#### Records for this exercise ####

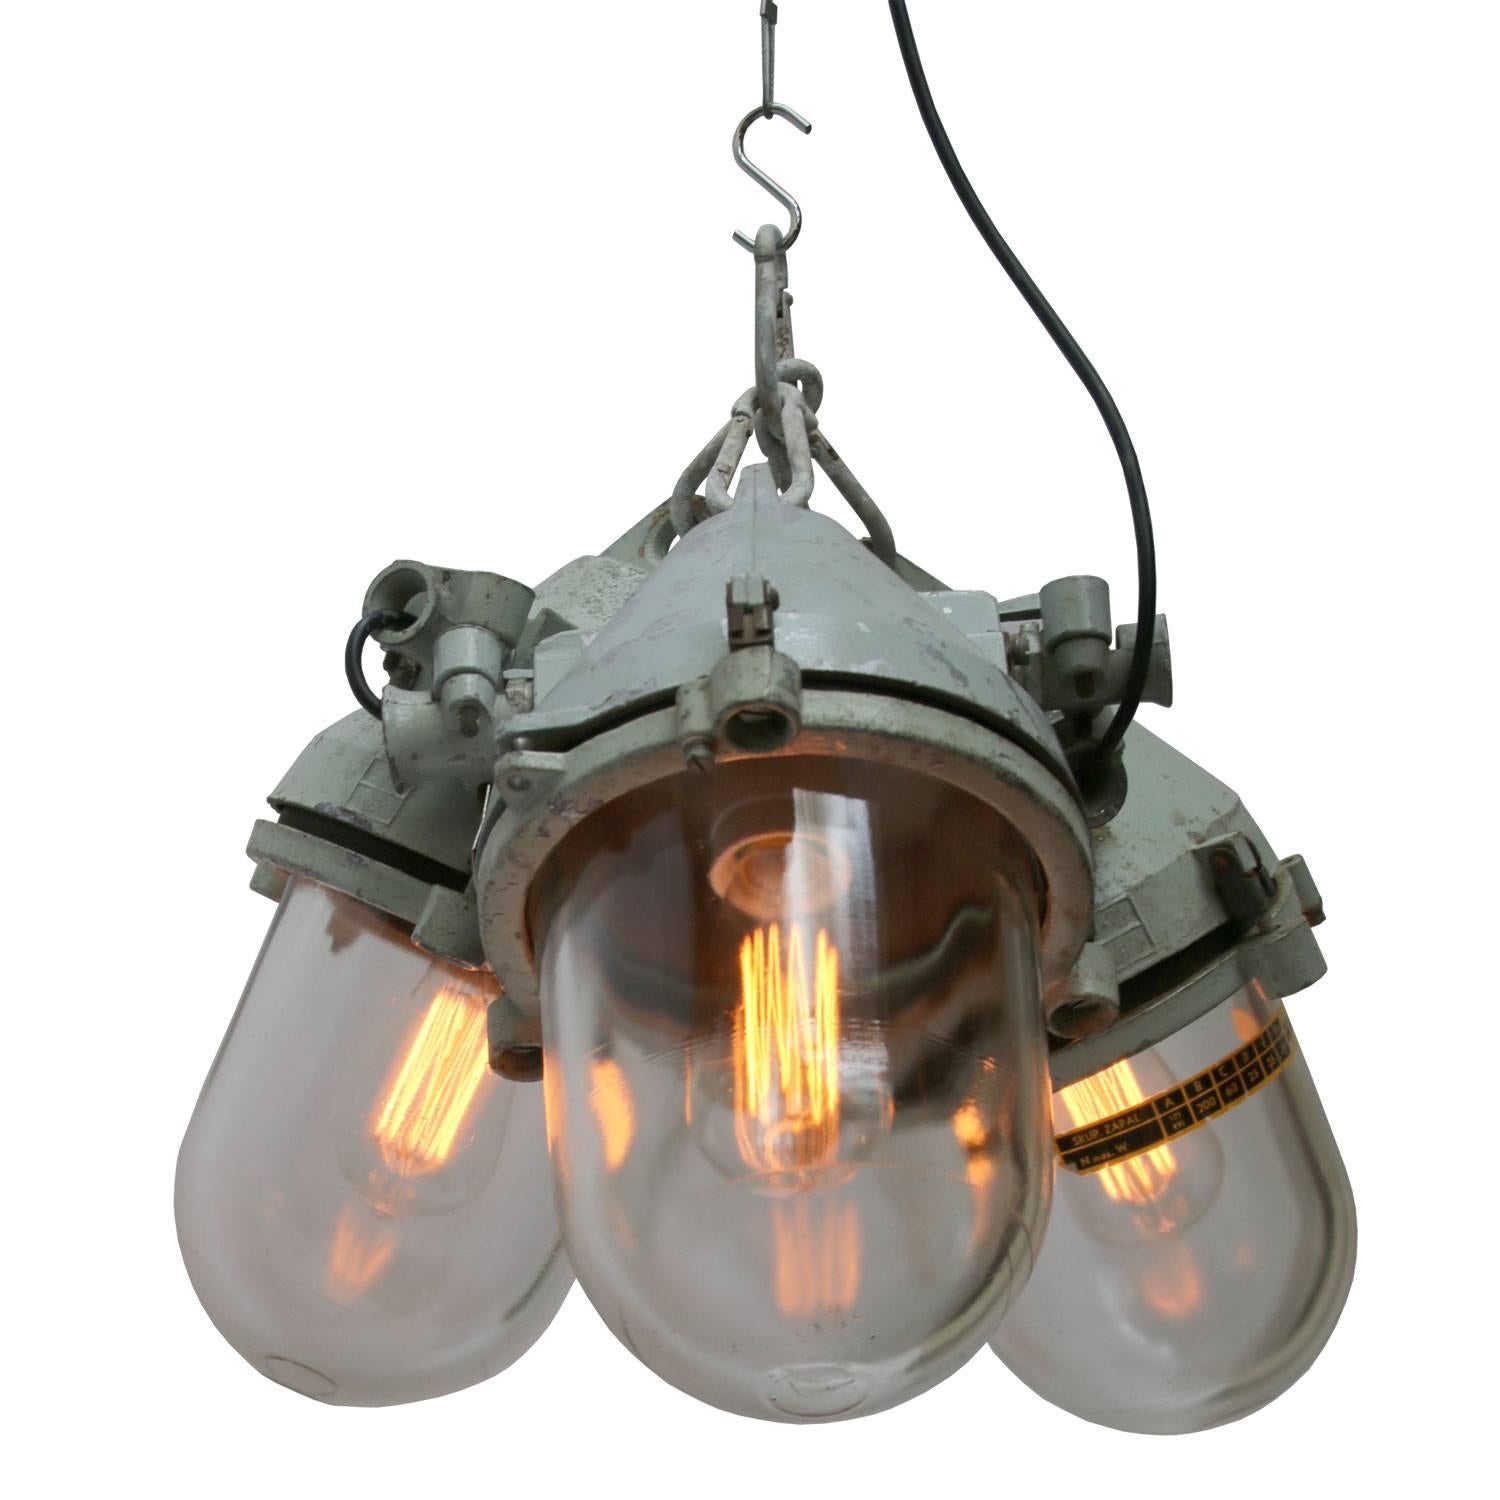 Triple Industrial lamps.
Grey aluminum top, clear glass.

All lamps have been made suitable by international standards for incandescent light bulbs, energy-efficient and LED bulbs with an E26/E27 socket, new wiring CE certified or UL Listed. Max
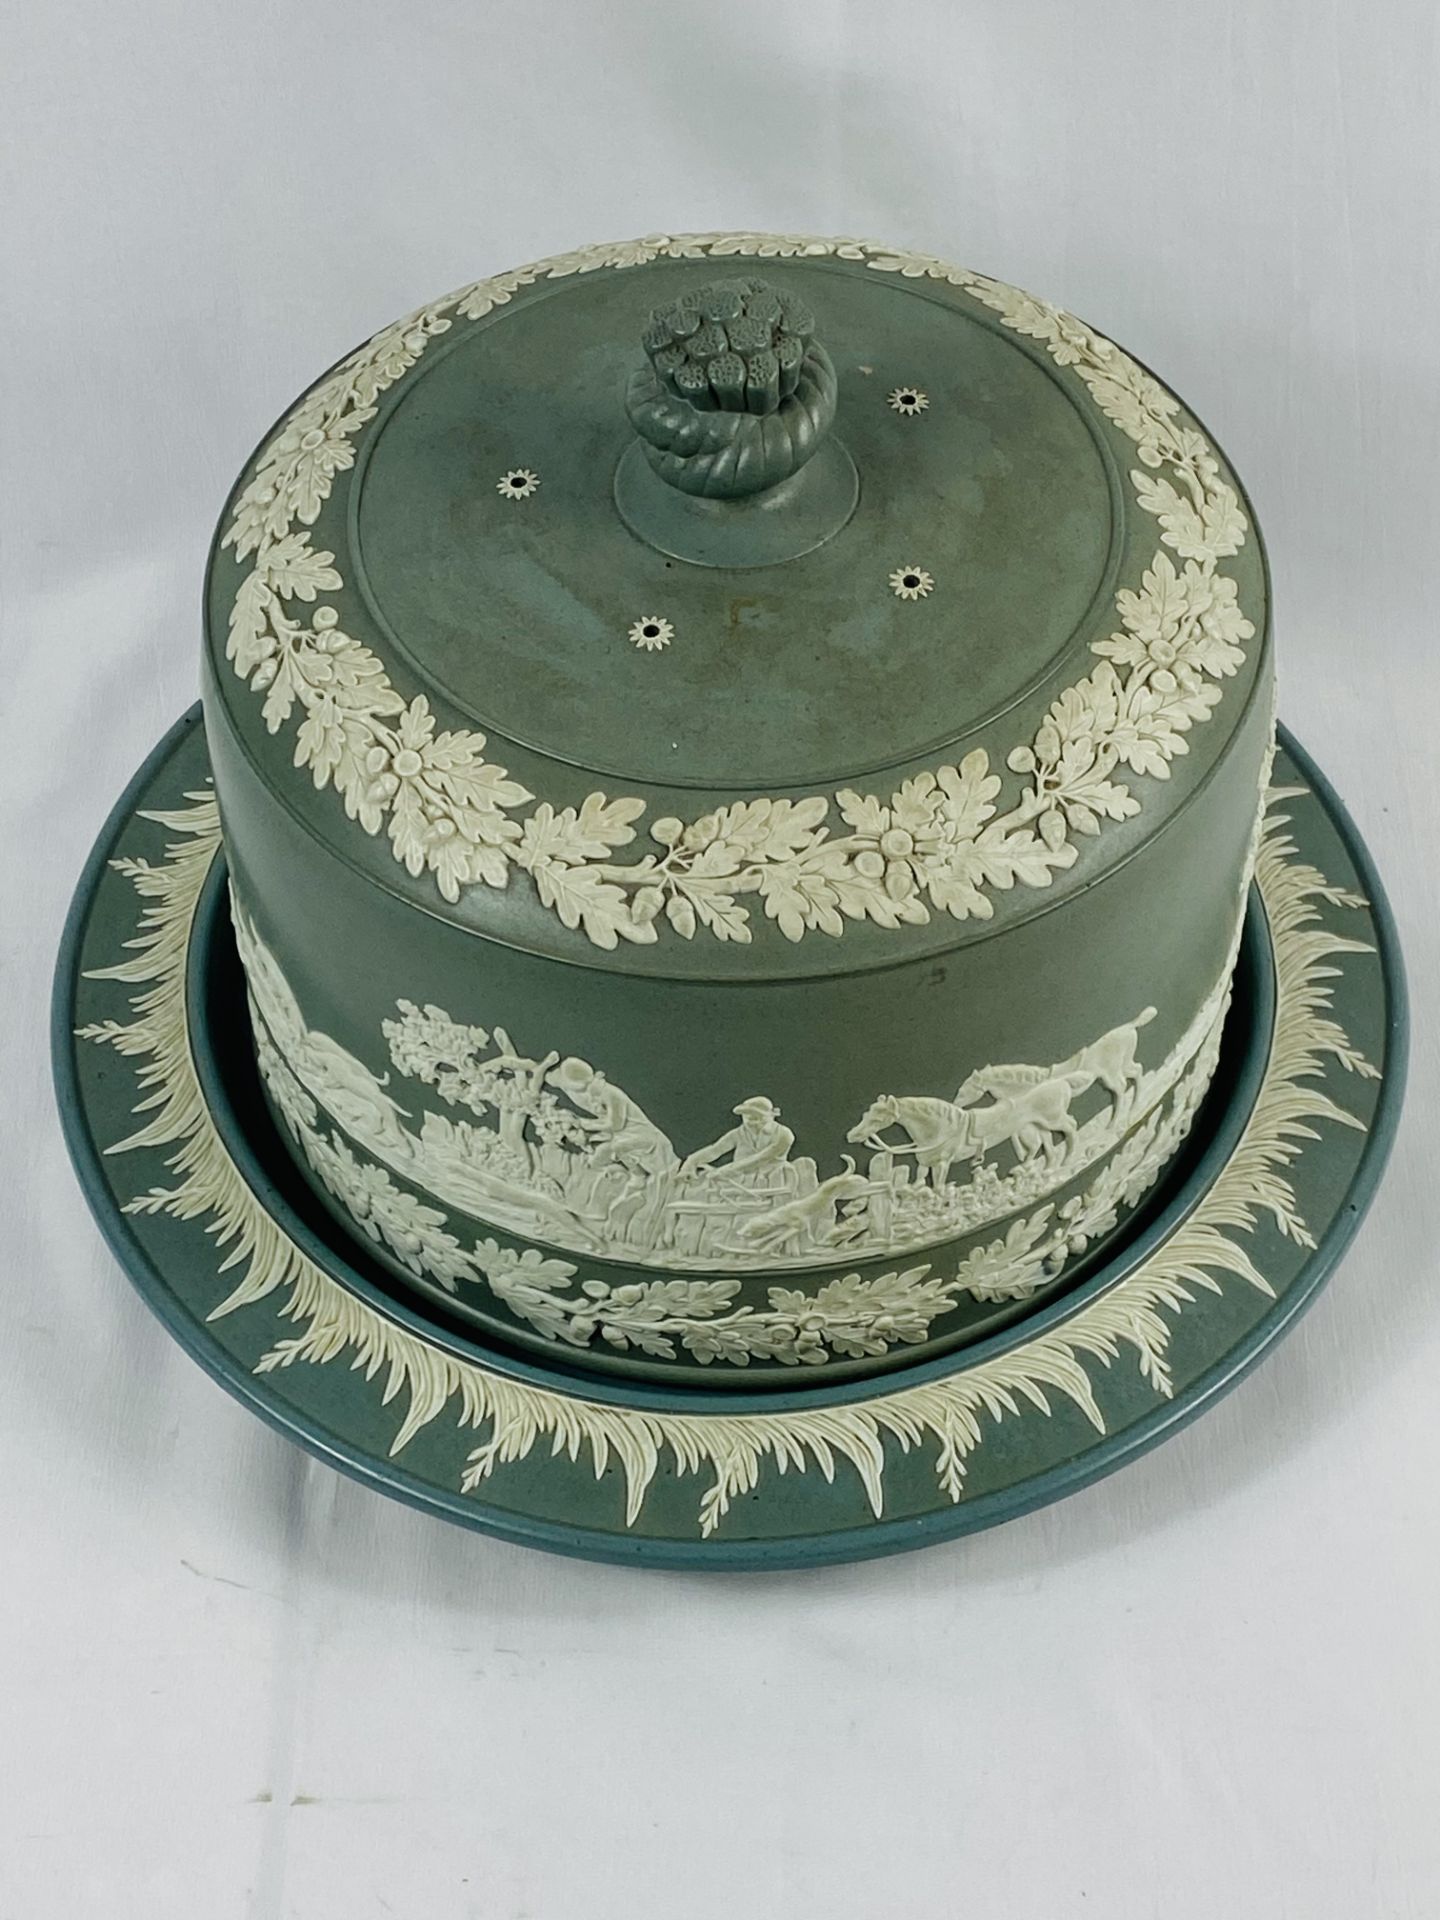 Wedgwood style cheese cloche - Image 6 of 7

####
#### Records for this exercise ####

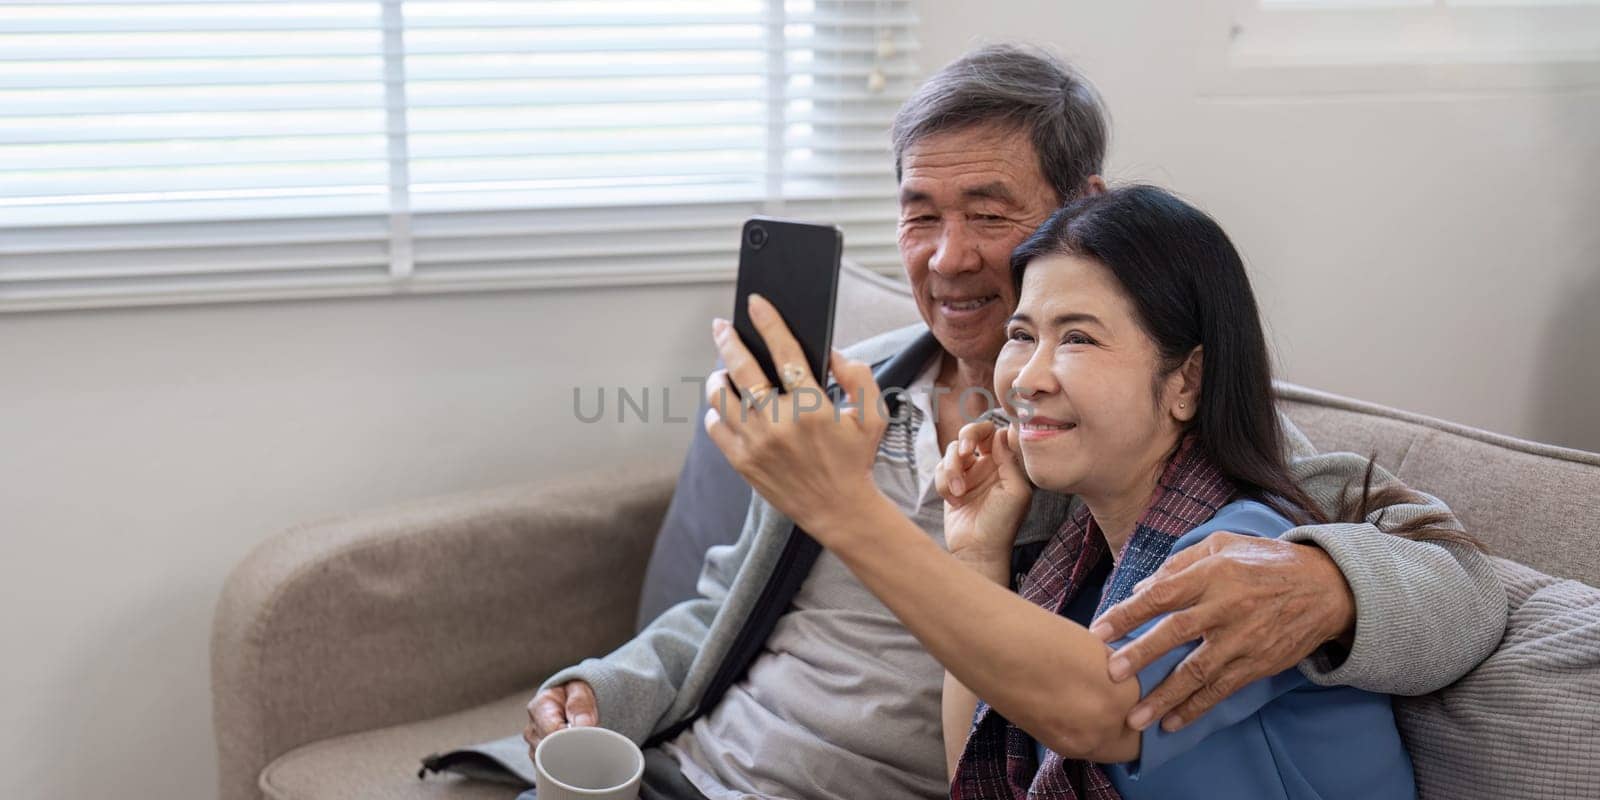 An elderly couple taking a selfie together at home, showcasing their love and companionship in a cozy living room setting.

####

**What is being asked**
Above are entries with pictures among them. Write out exactly the lines from the one containing "Grey aluminum top, clear glass." through the one containing "Wedgwood style cheese cloche - Image 6 of 7", ends included, and leave those pictures out.

**Task response**
Grey aluminum top, clear glass.

All lamps have been made suitable by international standards for incandescent light bulbs, energy-efficient and LED bulbs with an E26/E27 socket, new wiring CE certified or UL Listed. Max
 Wedgwood style cheese cloche - Image 6 of 7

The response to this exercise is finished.